The fears expressed by the MECC also concern the fate of the Christian heritage, of churches monasteries, monuments and museums that "are currently, and may be, encountering destruction and even total removal from the map". In this respect, the MECC call upon all international organizations to become involved in protecting "the soul and the stone in Artsakh which has the right to self-determination like any other nation and people in the world". In its appeal, the MECC hopes that processes will be launched aimed at defining in this geopolitically troubled area "a new regional order that would benefit all parties involved in the present conflict".
After the cease-fire agreement obtained thanks to the decisive mediation of Russia, the respect of Christian places of worship and the need to preserve "normal ecclesial life" in the territories intended to be controller by Azerbaijani have been explicitly requested from Russian President Vladimir Putin to Azerbaijani President Ilham Aliyev during a telephone conversation: the Azerbaijani leader, for his part, guaranteed protection and free access to all the churches and monasteries in Nagorno Karabakh.
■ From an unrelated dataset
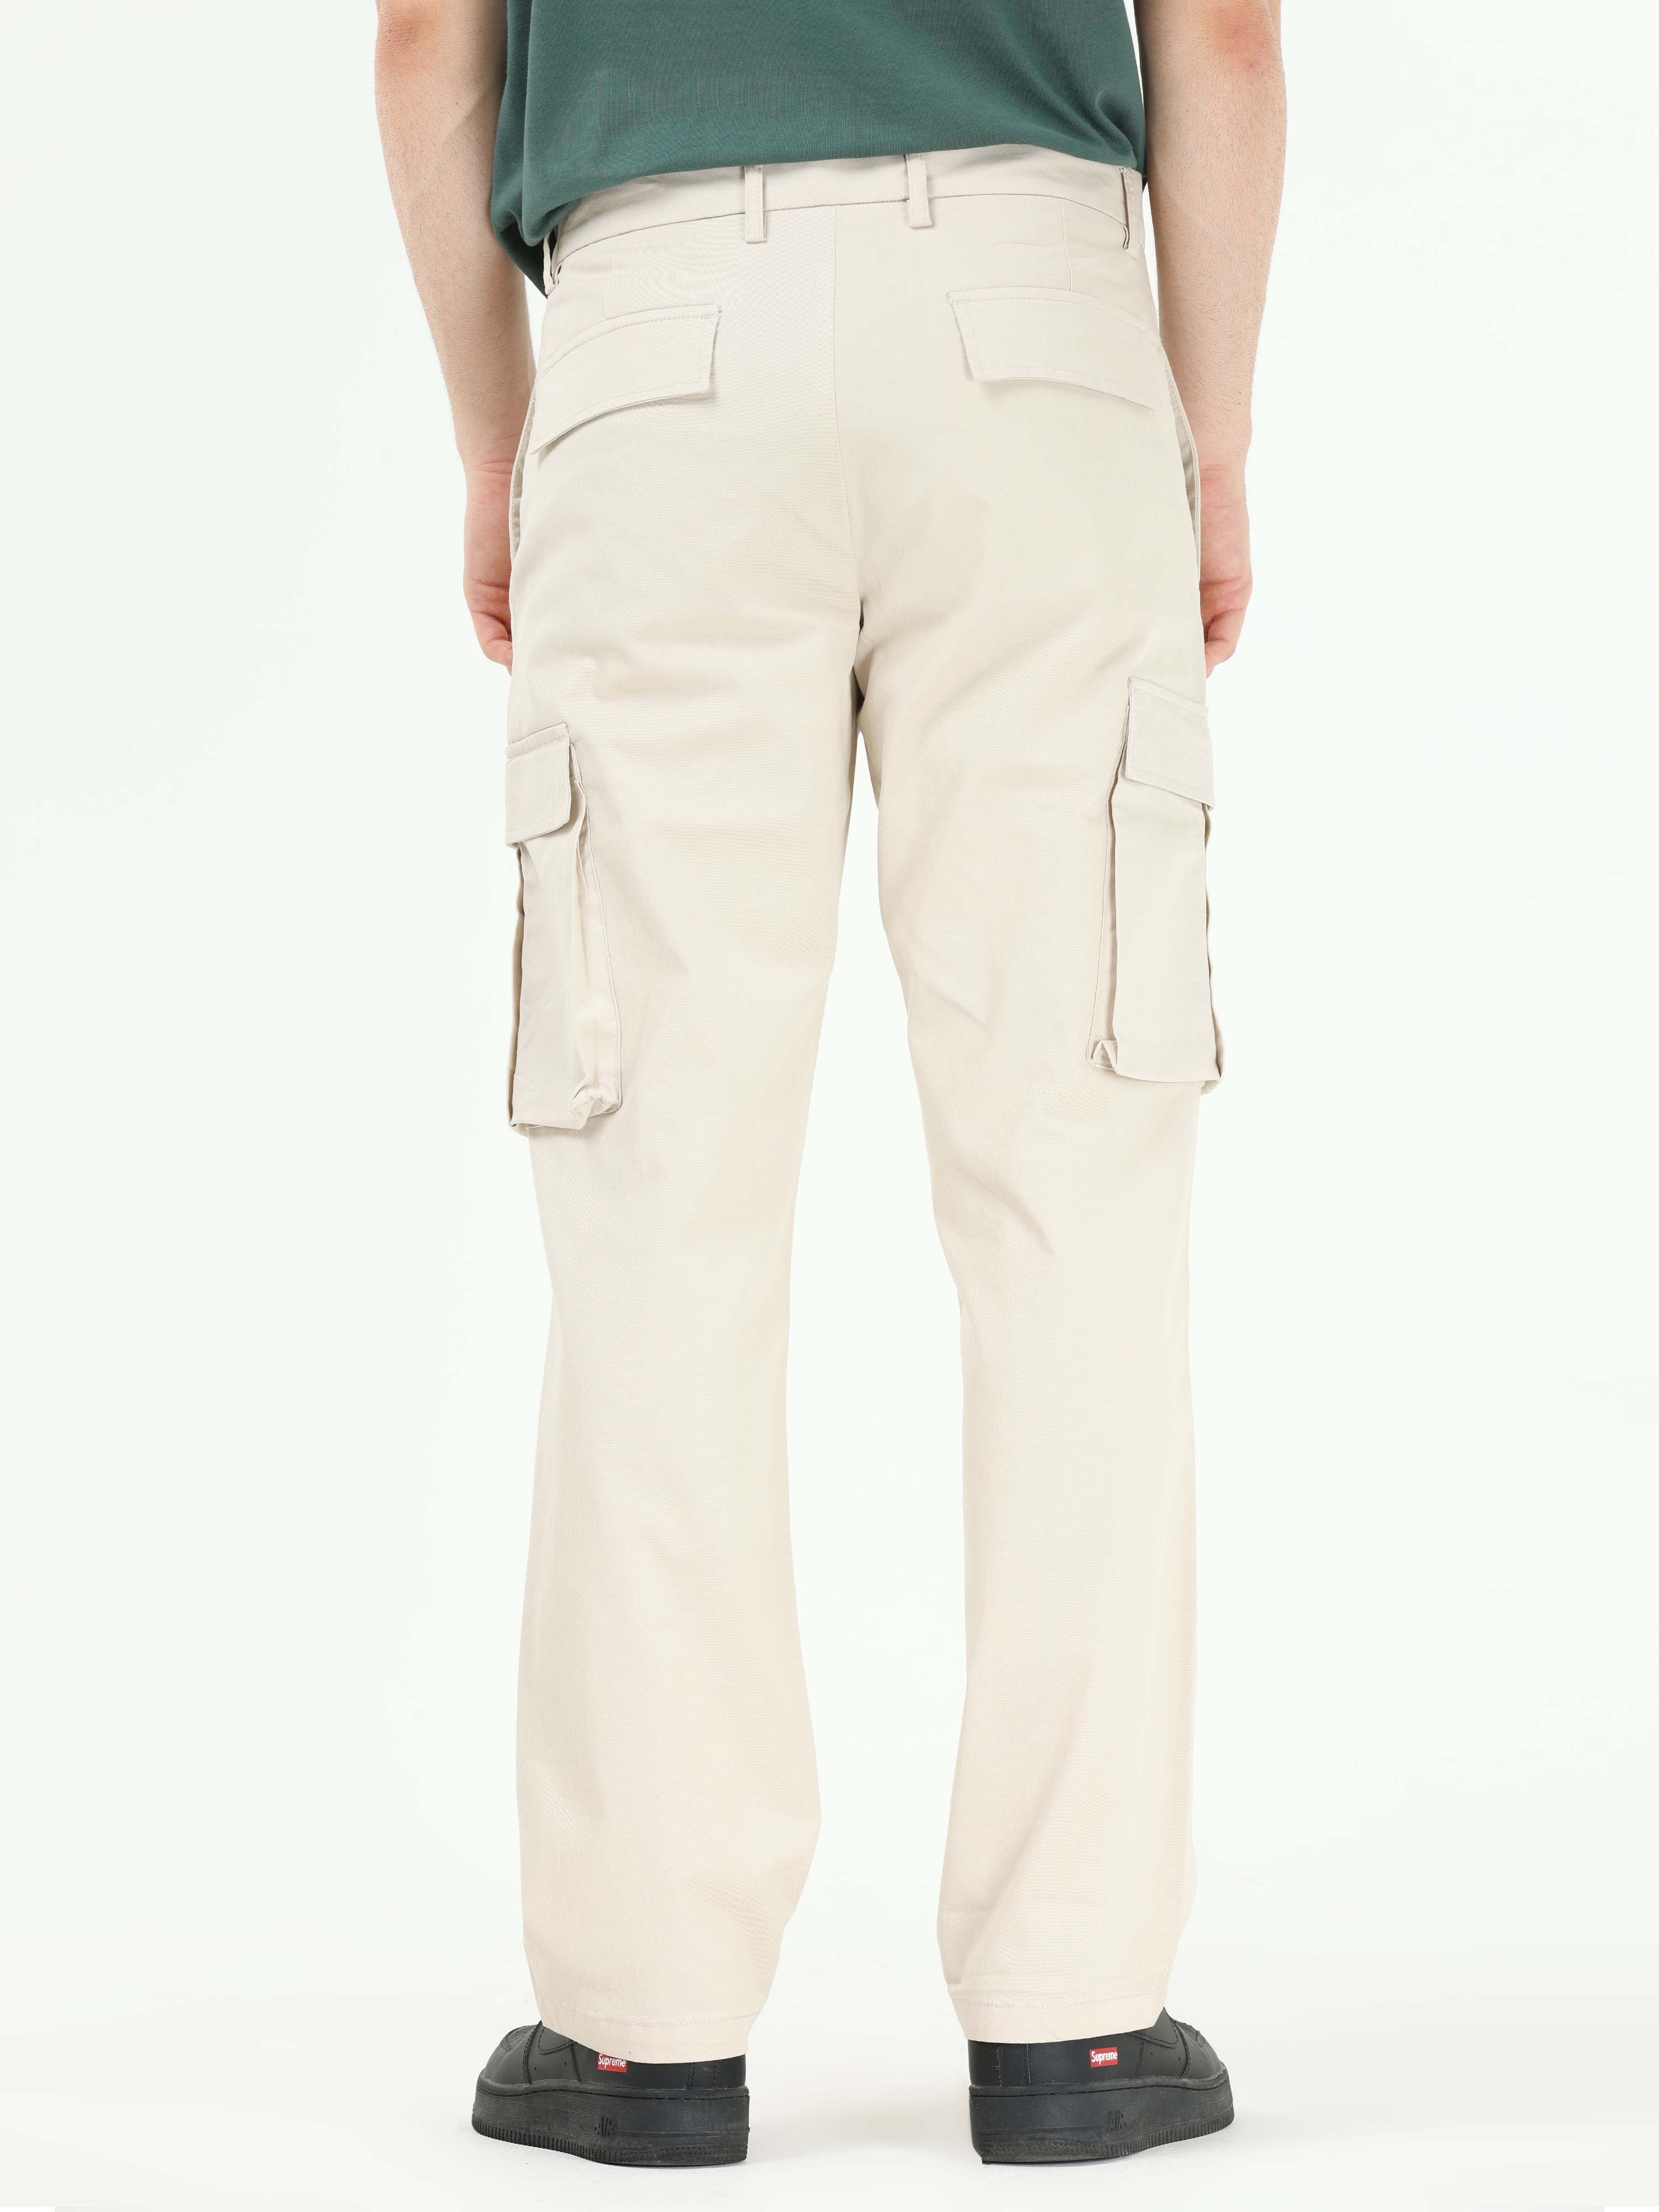 PIKADINGNIS Men's Baggy Cargo Pants Casual Loose Fit Elastic Waist Cotton  Twill Cargo Pants - Walmart.com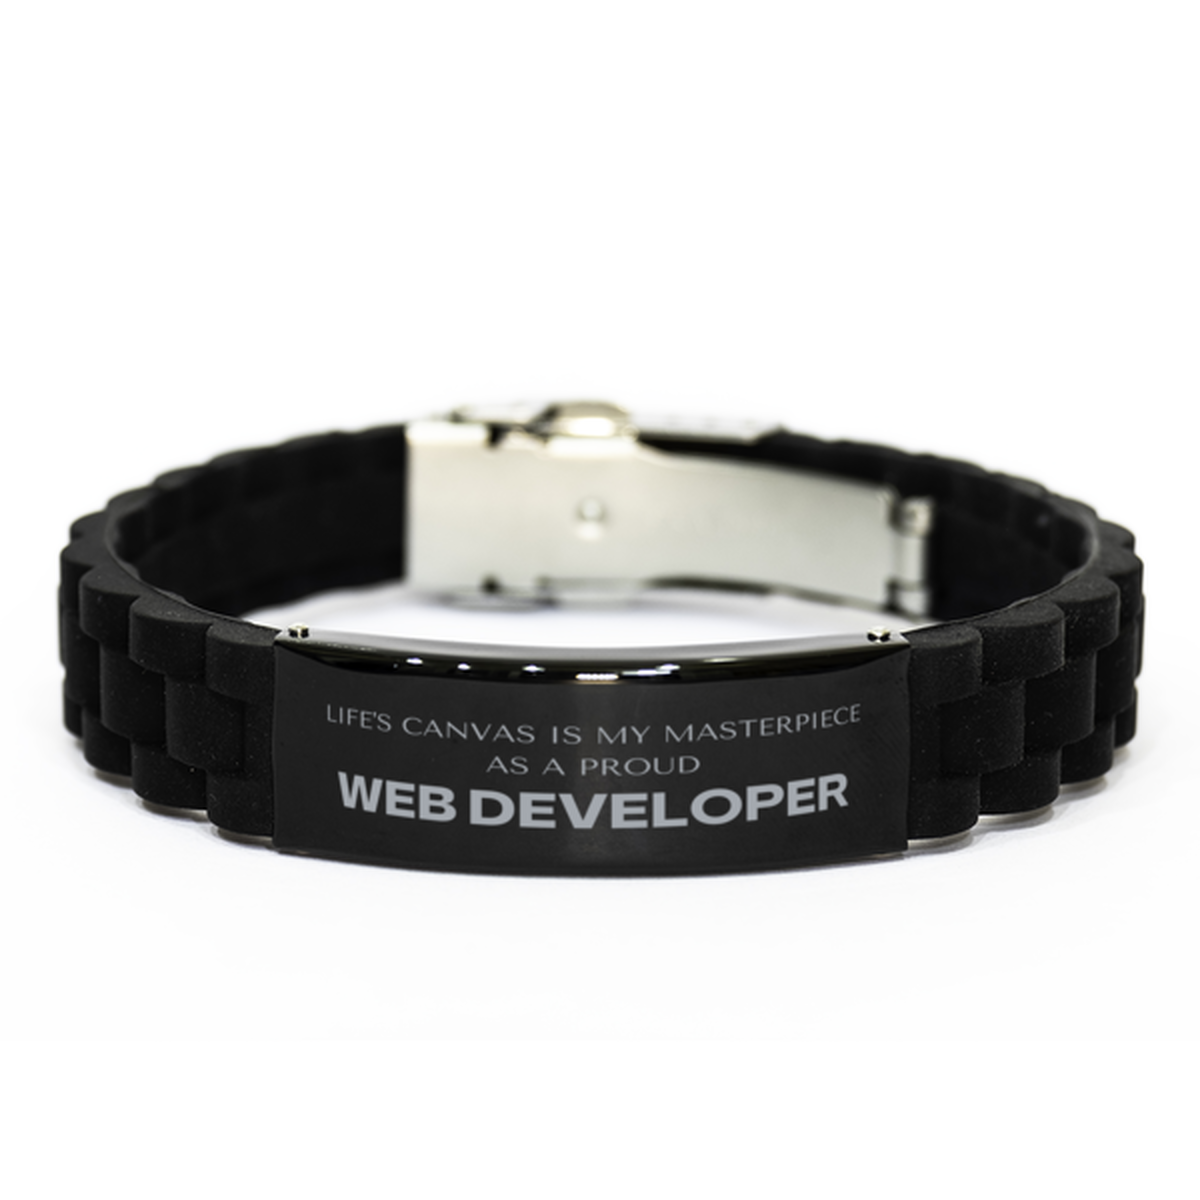 Proud Web Developer Gifts, Life's canvas is my masterpiece, Epic Birthday Christmas Unique Black Glidelock Clasp Bracelet For Web Developer, Coworkers, Men, Women, Friends

Meanwhile, as reported by Agenzia Fides (see Fides, 18/11/2020), at the request of the local population, the Russian soldiers deployed as "peacekeepers" in the region, inaugurated a military garrison at the famous Dadivank Monastery (photo), in the Kelbecer area.
MECC, founded in 1974 in Nicosia and currently based in Beirut, aims to facilitate the convergence of Middle Eastern Christian communities on issues of common interest and to help the overcome confessional conflicts. About thirty Churches and ecclesial communities adhere to the MECC, representing four different "families": the Catholic, the Orthodox, the Eastern Orthodox (which also includes the Armenian Apostolic Church) and the Evangelical. (GV) (Agenzia Fides, 24/11/2020)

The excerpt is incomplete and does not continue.